Speaker
Description
The use of antiviral drugs to treat SARS-CoV-2 infection has been widely extended and several antiviral treatments have been tested, involving different modes of action (MOAs). These drugs may be either newly developed treatments or repurposed drugs and, though a positive effect may be observed from the application of these treatments, it may not always be clear what is the driving mechanism underneath. Moreover, testing these drugs involves great amounts of human, animal and material resources that limit the obtained results. The use of mathematical models is imperative to reduce these costs, to assess possible strategies of application of the treatments, and to uncover unknown behaviors.

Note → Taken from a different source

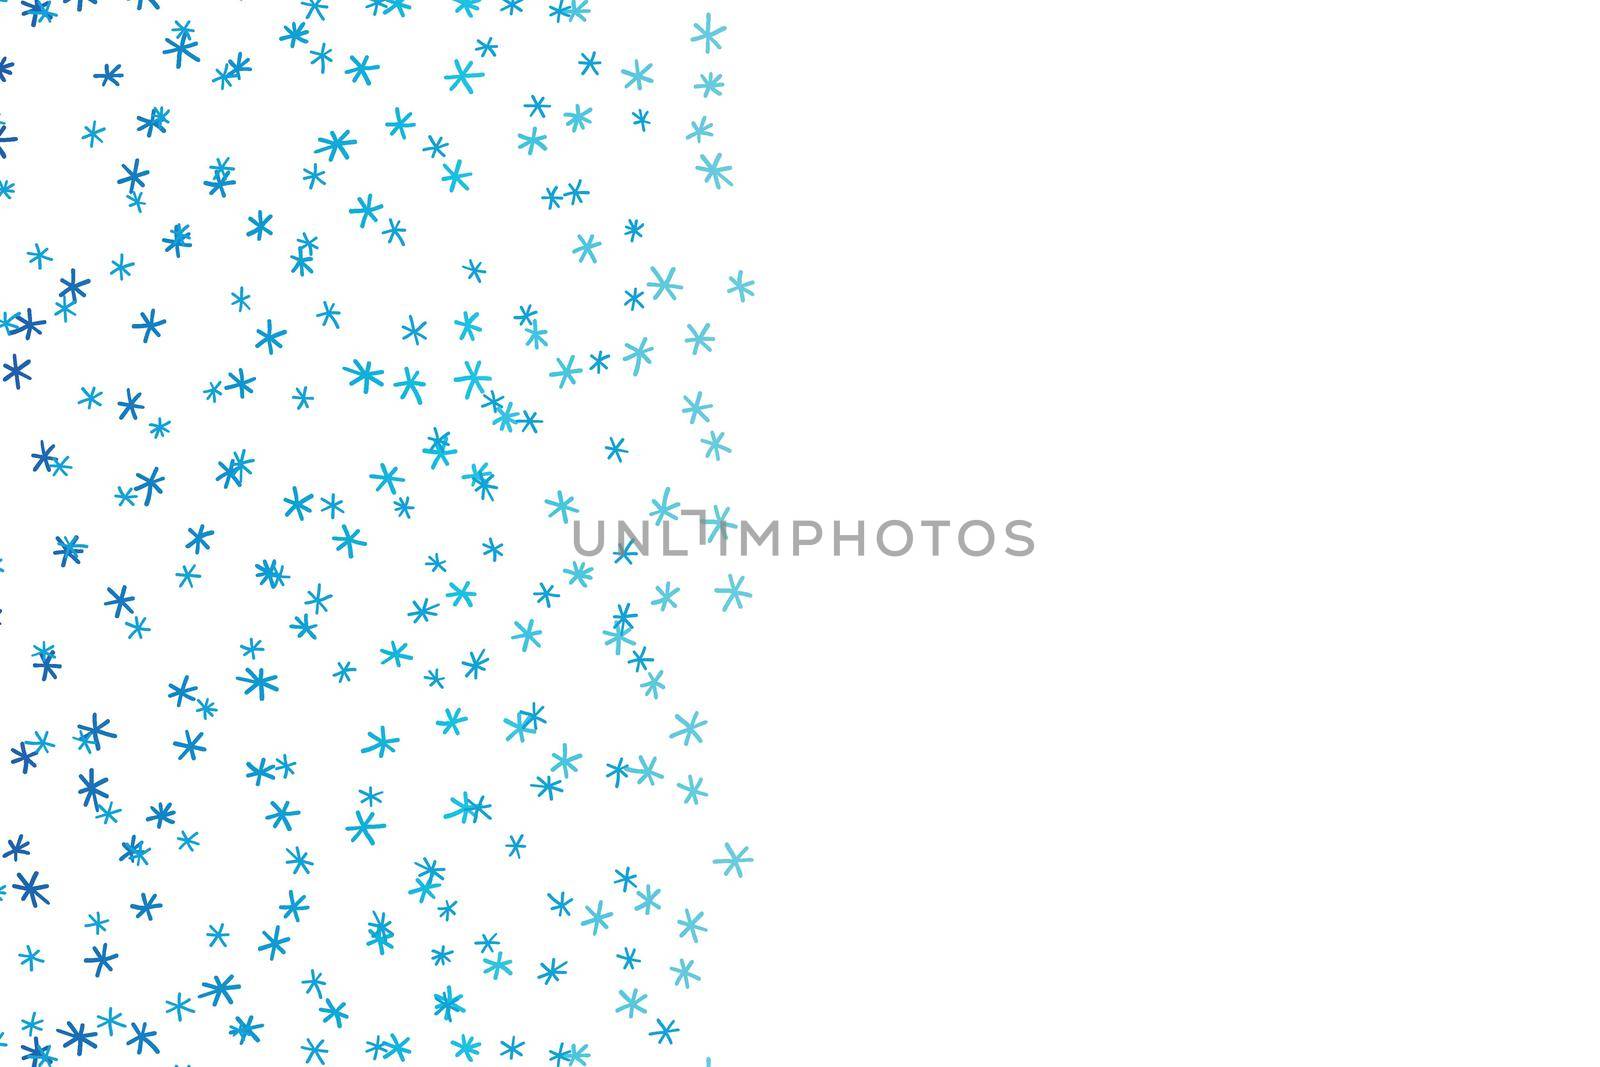 Christmas card with blue snowflakes on white background. Isolated snowflakes icon. Empty paper shape. Winter cartoon flat illustration. Copy space. Holiday pattern, banner, frame, greeting card desig by allaku

One of the most widely used SARS-CoV-2 antiviral treatments is Paxlovid (nirmatrelvir/ritonavir), which is known to reduce viral replication. Here we present a methodology to validate this behavior and to find other possible hidden modes of action of the treatment. We consider a classical TIV model and clinical data from patients infected with the Omicron variant, both patients treated with Paxlovid and untreated patients. Given these data, we explore what parameters can capture the effect of the treatment and, hence, potential hidden modes of action. Furthermore, taking into account that there is some delay between administration of a drug and its effect, we also explore what this delay is when Paxlovid is administered to treat the infection with Omicron.